Born Oct. 1, 1878, in Vienna; died July 8, 1950, in Neustift, Burgenland. Austrian idealist philosopher who developed the concept of wholeness; sociologist and economist.

Spann was a professor at the university in Brunn (Brno) from 1909 to 1919 and at the University of Vienna from 1919 to 1938. Following in the philosophical tradition of Plato, medieval realism, and German classical idealism, Spann tried to construct a philosophical-sociological system of “neoromantic universal-ism.” One of its basic positions was that the whole in its essence precedes the parts; the parts are an expression, a mediation, of the whole; the whole, divided into pieces, conditions the existence of the parts. For Spann, wholeness is the original reality, in which causality does not function. The causal understanding of objects, as Spann proposes, is only possible based on the false assumption that the parts exist before the whole. Spann rejected atomism and materialism, claiming that they were intrinsically mechanistic. In his understanding of the essence of life, Spann was close to the vitalist views of H. Driesch.

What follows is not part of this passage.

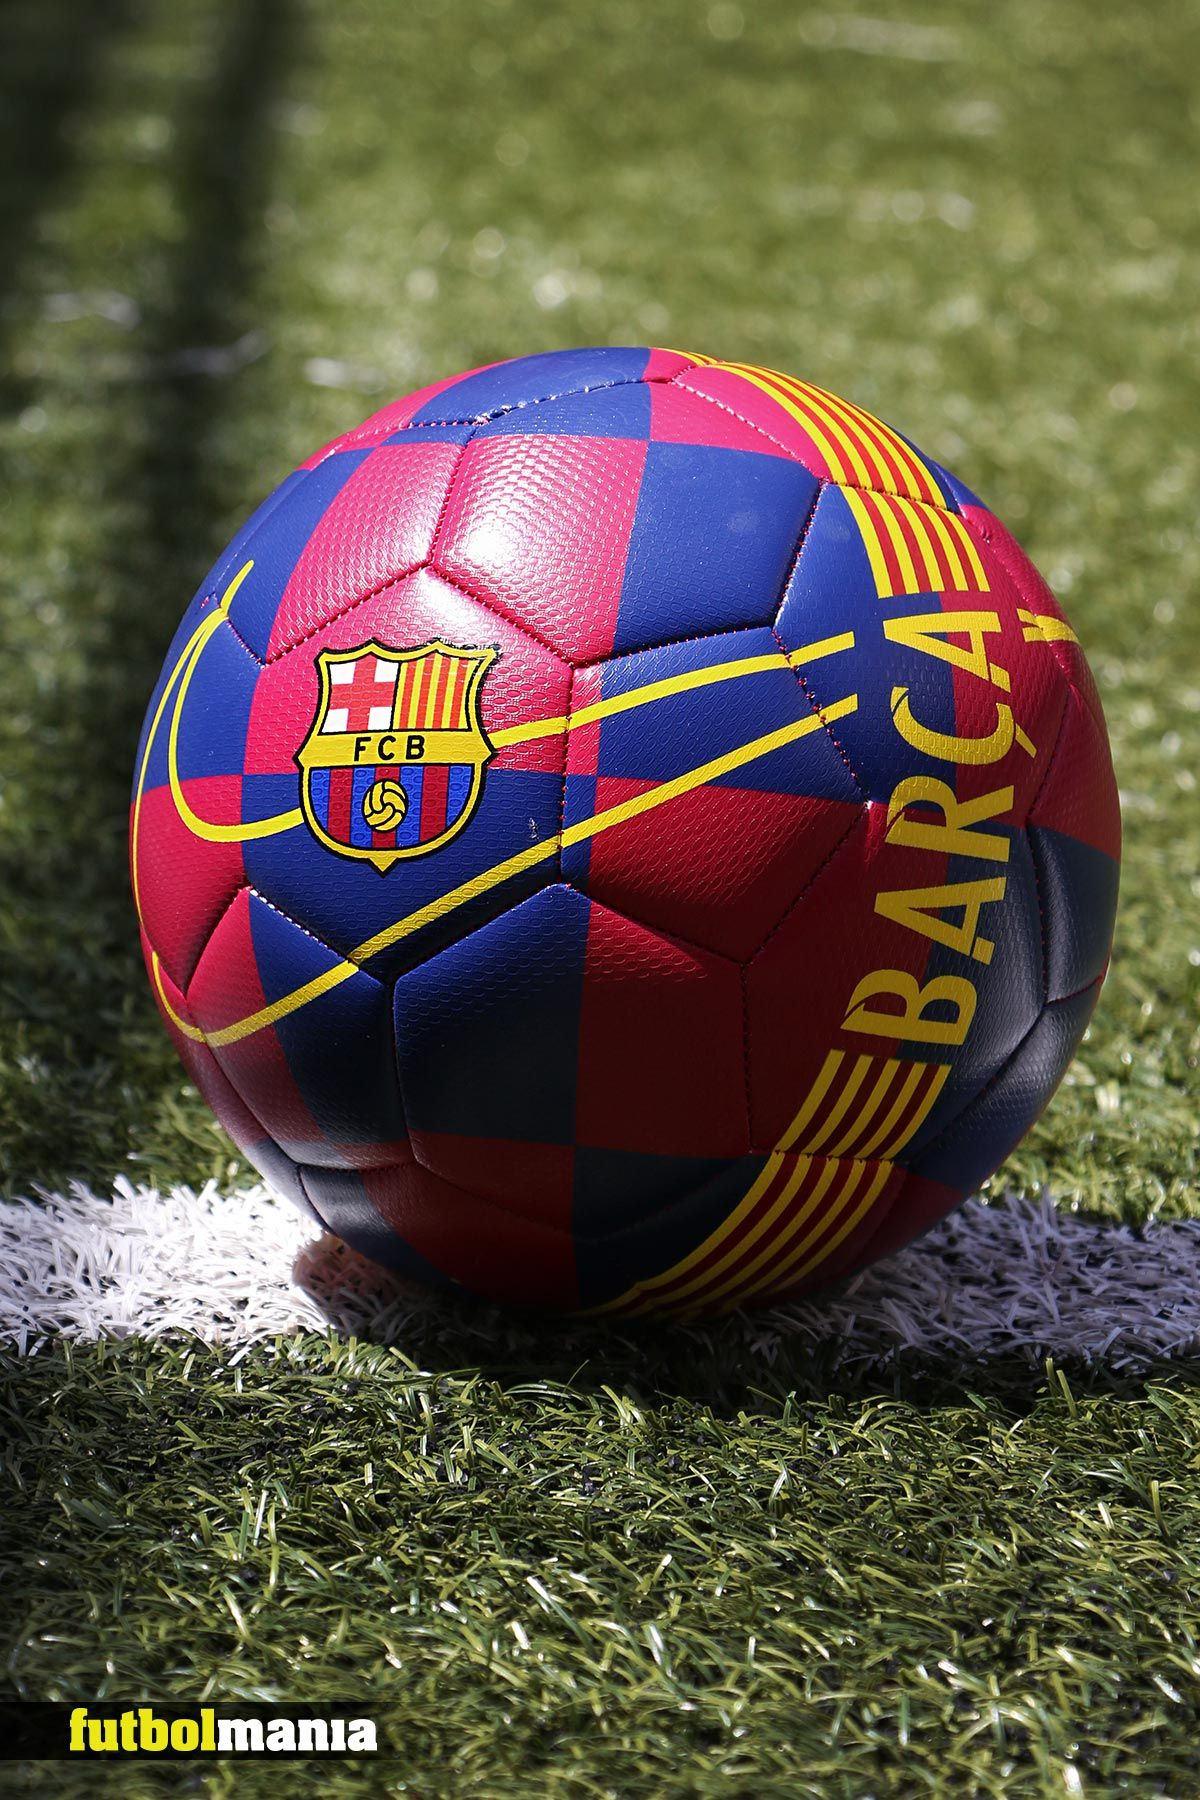 Él Factibilidad Arthur Conan Doyle  Pin en Balones fútbol

Spann gave the central place among social institutions to the state, claiming that it had always existed and merely changed its form. Spann advocated the ideal of a social structure based on arbitrary distinctions and an extremely strict hierarchy, whose features largely reproduce those of the Hindu caste system and the medieval guilds.


Gesamtausgabe, vols. 1–22. Graz, 1963.


Dunkmann, K. Der Kampf um Othmar Spann. Leipzig, 1928.
Räber, H. Othmar Spanns Philosophie des Universalismus: Darstellung und Kritik. Jena, 1937.